The Acting Secretary of State to the Embassy in Canada 1


139. Re Belg import restrictions on dol goods:

1. Dept is recommending to NAC Staff on Mon that US approach Belg once more and request removal these restrictions and that, if approach unsuccessful, issue be put to IMF and GATT.2

2. Dept doc on subject notes fol pts.

Dol restrictions are very slight help in reducing Belg intra-Eur surplus. Also will require Belgians pay higher prices for imports of commodities affected.
Belgs are not faced now or in immed future with serious threat to dol reserves.
Belg action violates commitments in, GATT and principles IMF. Precedent created by Belg restrictions, which rest on justification other than a threat to monetary reserves, is extremely dangerous for any trade liberalization plans, whether global or regional in scope.
Belg case creates substantial risks which threaten continuation existing liberal US import policies. These policies already under heavy pressure. Case of this kind, which is not defensible on balance-of-payment grounds, may well provide basis for further actions by Congress limiting opportunities for foreign countries to export to US, such as cheese restrictions. This is threat to defense efforts Western Eur countries and to cooperative efforts Atlantic Community.

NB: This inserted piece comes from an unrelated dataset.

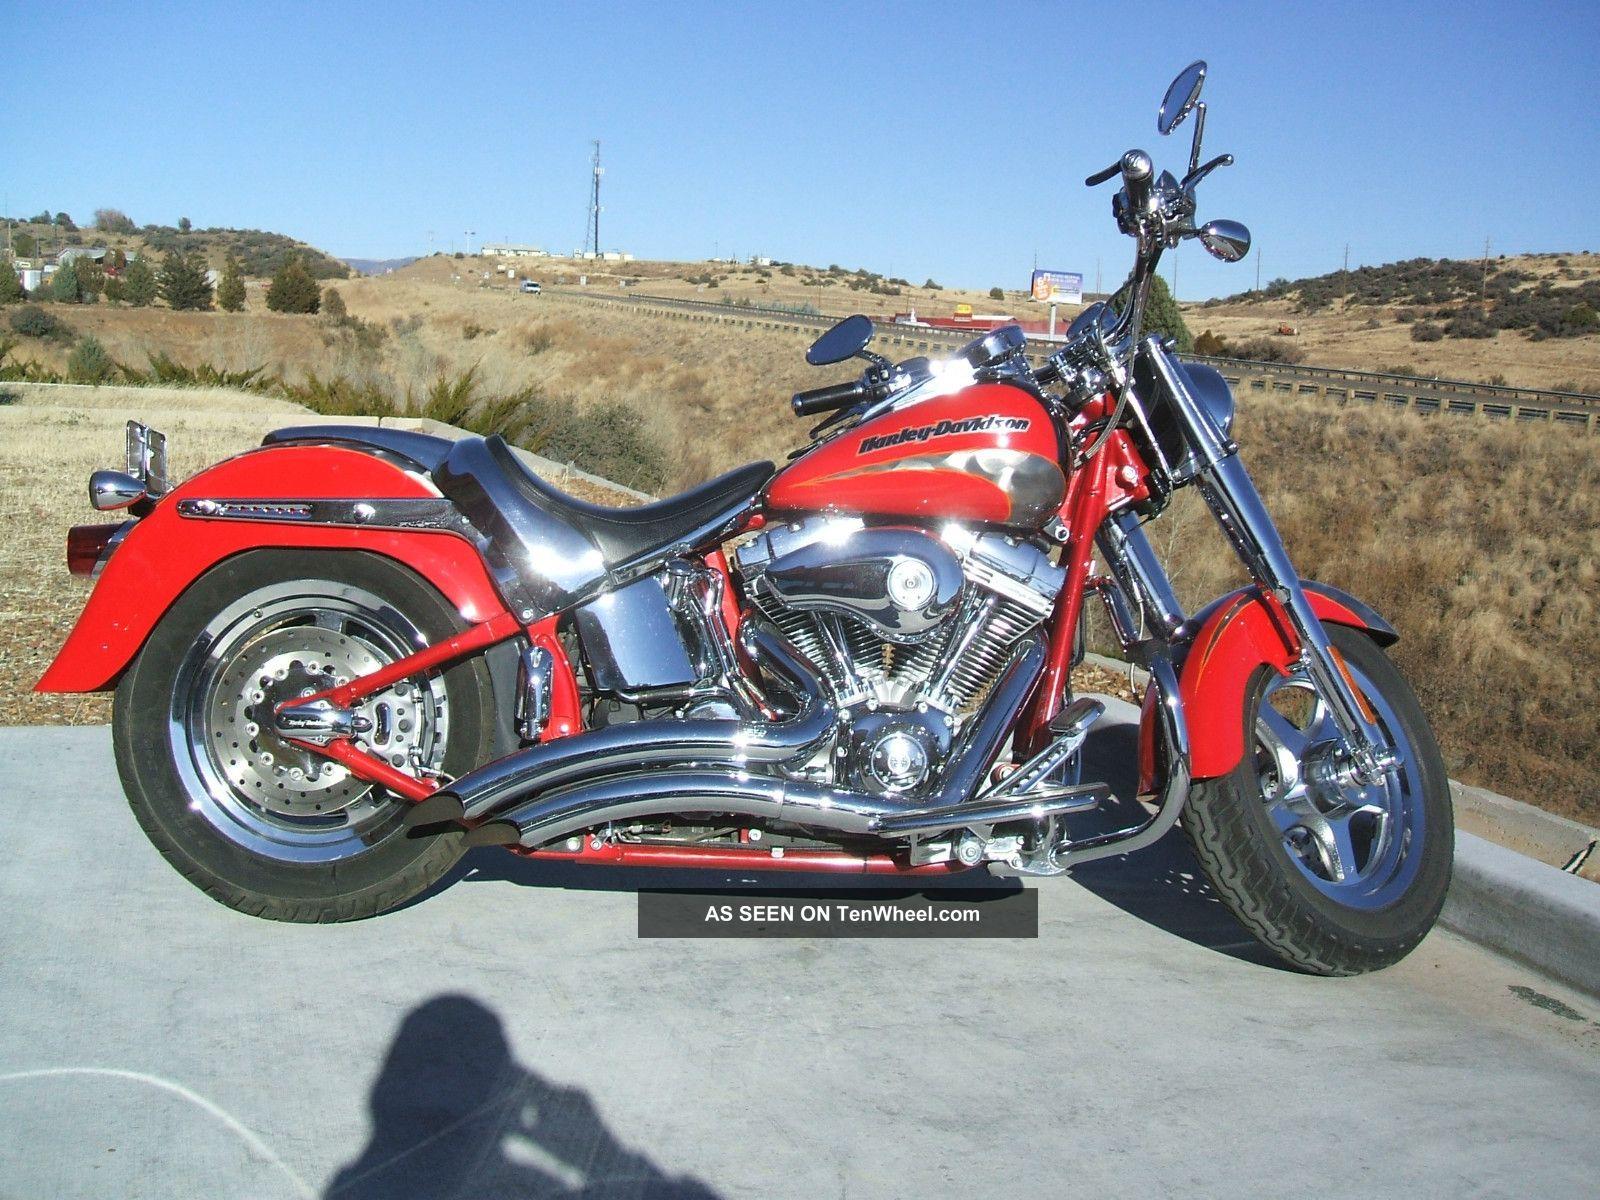 2015 Screaming Eagle Harley Davidson Catalog | Autos Post

3. We understand Belgs themselves are closely divided on question of wisdom retaining dollar restrictions and we are hopeful, therefore, that by raising issue as in para 1 above, we may achieve their removal.

4. Dept believes US action as indicated to secure removal Belg import restrictions cannot be long delayed without considerable risk. Risks are (a) creation vested interests in Belg for retention restrictions, (b) possibility adverse Congressional reactions when it reconvenes, (c) loss of support of countries which have heretofore been chief supporters US liberal trade policies, particularly Canada.

  1. Sent to Paris as Secrep 40 niact Brussels as 752, Rome as 2404 niact.
  2. The lengthy Department of State recommendation (21 pages) was incorporated into Staff Study Doc. 547, November 20, 1951, supra.